Visual-interactive querying for multivariate research data repositories using bag-of-words

  • Authors:
  • Maximilian Scherer;Tatiana von Landesberger;Tobias Schreck

  • Affiliations:
  • TU Darmstadt, Darmstadt, Germany;TU Darmstadt, Darmstadt, Germany;University of Konstanz, Konstanz, Germany

  • Venue:
  • Proceedings of the 13th ACM/IEEE-CS joint conference on Digital libraries
  • Year:
  • 2013

Quantified Score

Hi-index 0.00

Visualization

Abstract

Large amounts of multivariate data are collected in different areas of scientific research and industrial production. These data are collected, archived and made publicly available by research data repositories. In addition to meta-data based access, content-based approaches are highly desirable to effectively retrieve, discover and analyze data sets of interest. Several such methods, that allow users to search for particular curve progressions, have been proposed. However, a major challenge when providing content-based access -- interactive feedback during query formulation -- has not received much attention yet. This is important because it can substantially improve the user's search effectiveness.
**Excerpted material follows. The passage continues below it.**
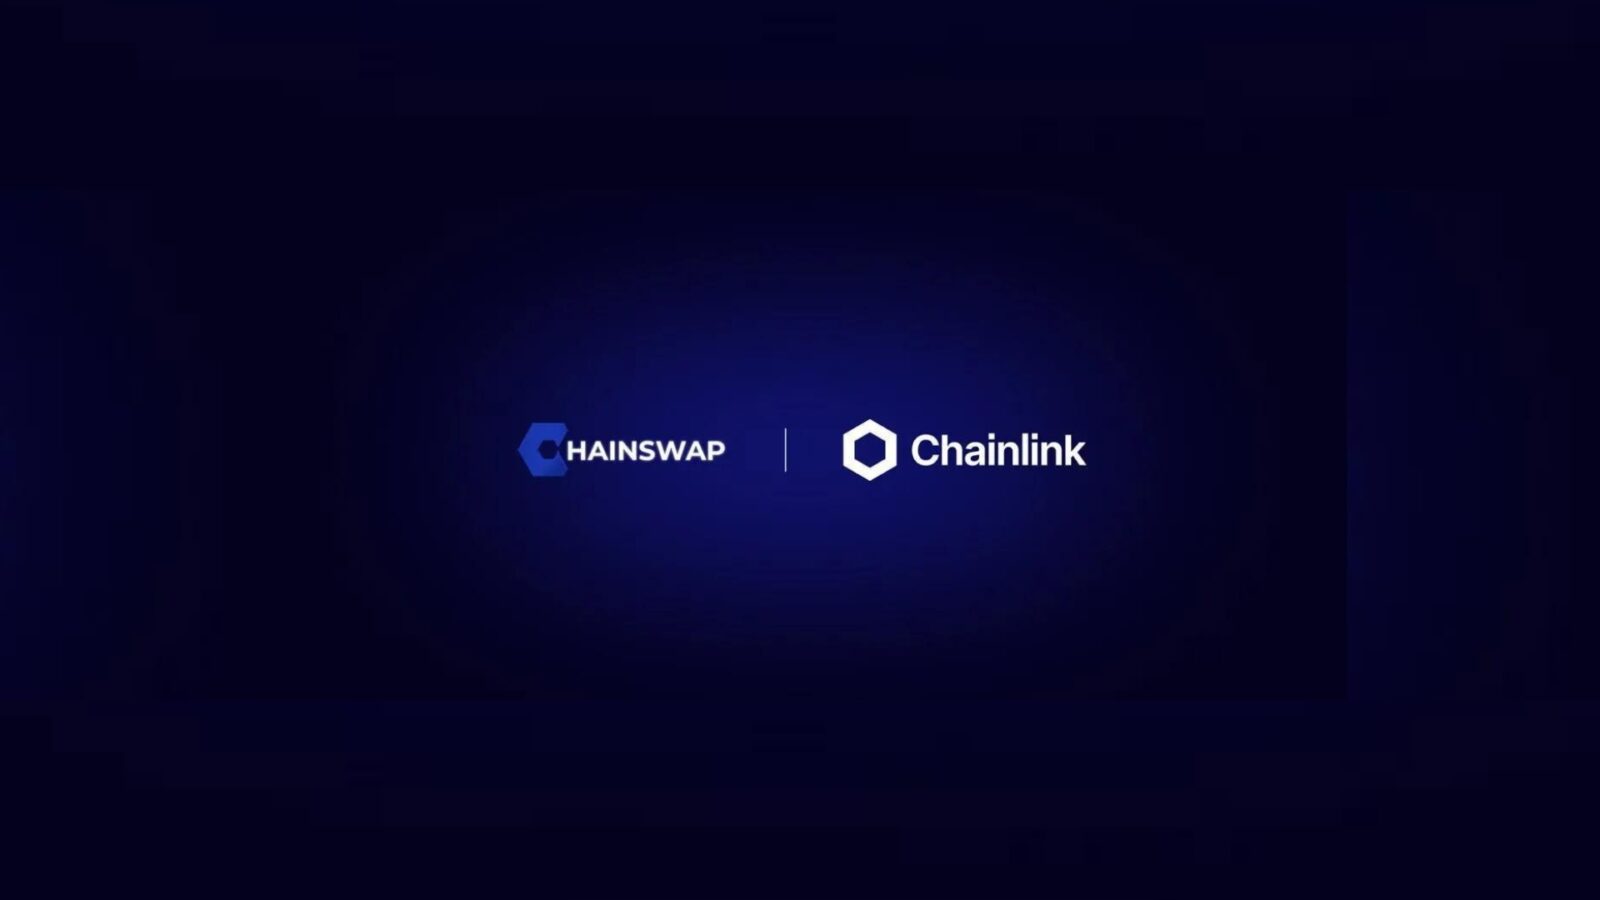 ChainSwap Enhances Security and Speed with Chainlink CCIP Integration
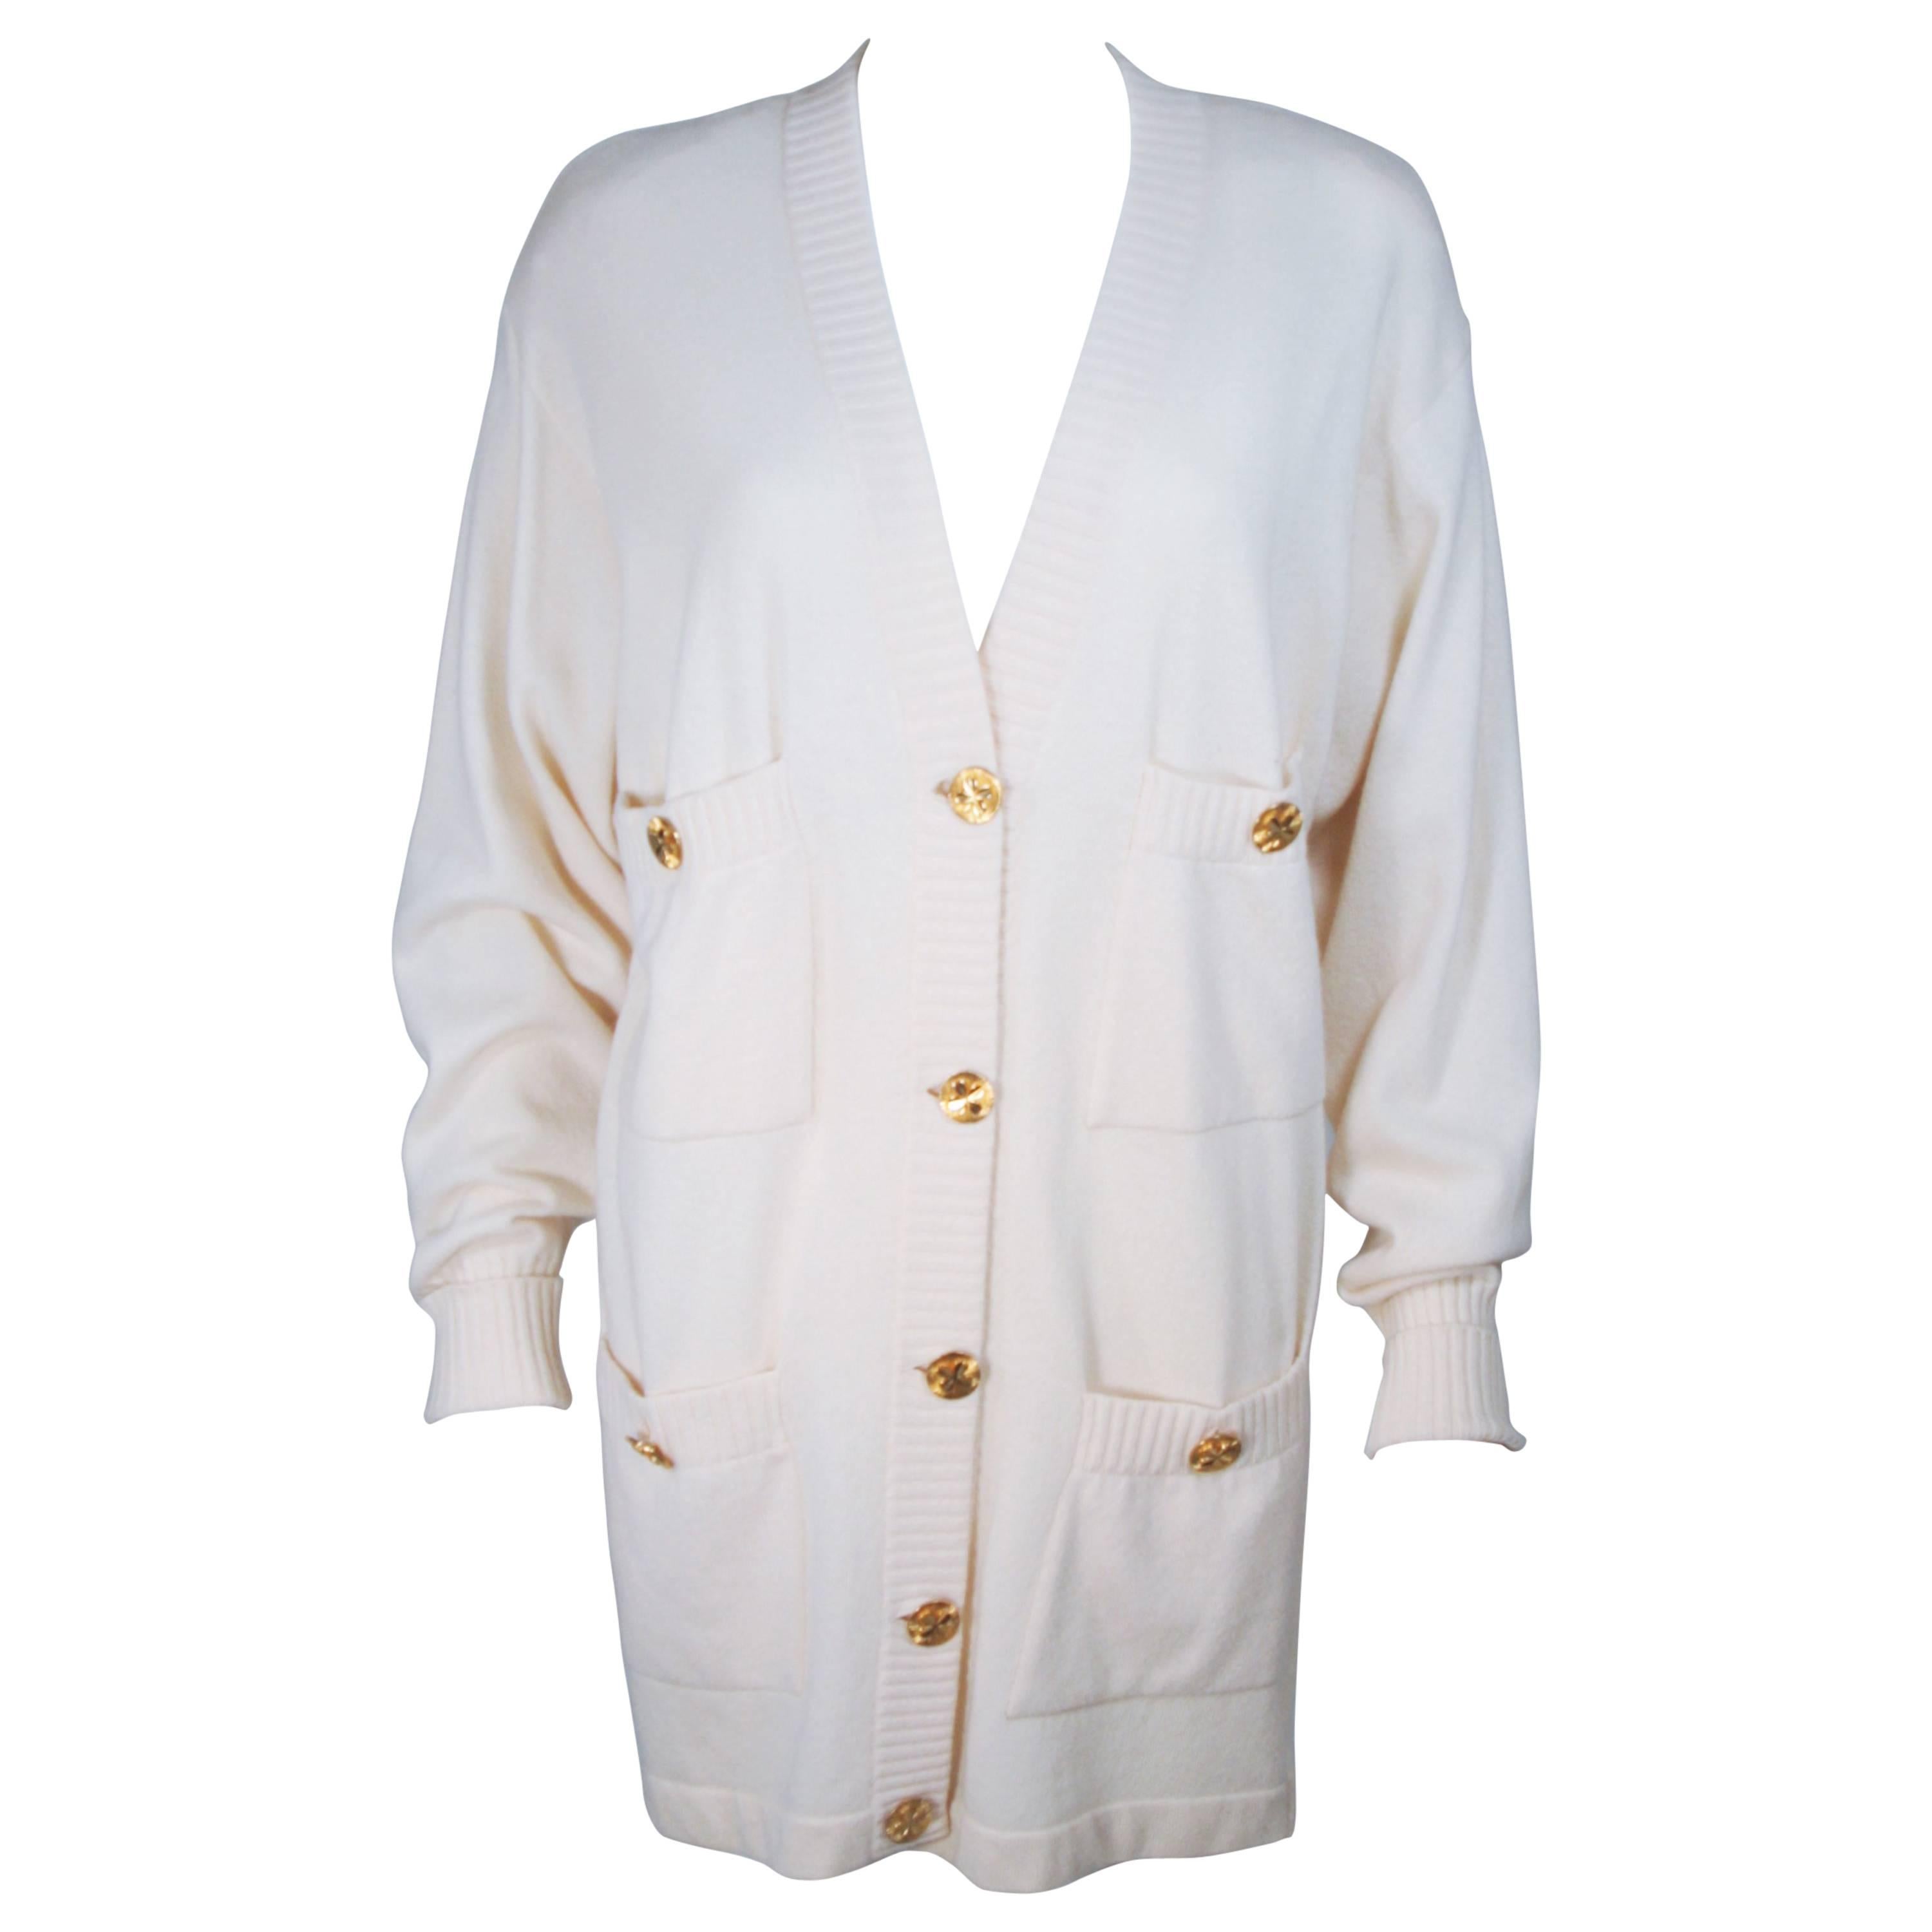 CHANEL Cream Cashmere Cardigan with Gold Buttons Size 36

In this paper, we present a novel interactive feedback approach for content-based access to multivariate research data. Thereby, we enable query modalities that were not available for multivariate data before. We provide instant search results and highlight query patterns in the result set. Real-time search suggestions give an overview of important patterns to look for in the data repository. For this purpose, we develop a bag-of-words index for multivariate data as the back-end of our approach. We apply our method to a large repository of multivariate data from the climate research domain. We describe a use-case for the discovery of interesting patterns in maritime climate research using our new visual-interactive query tools.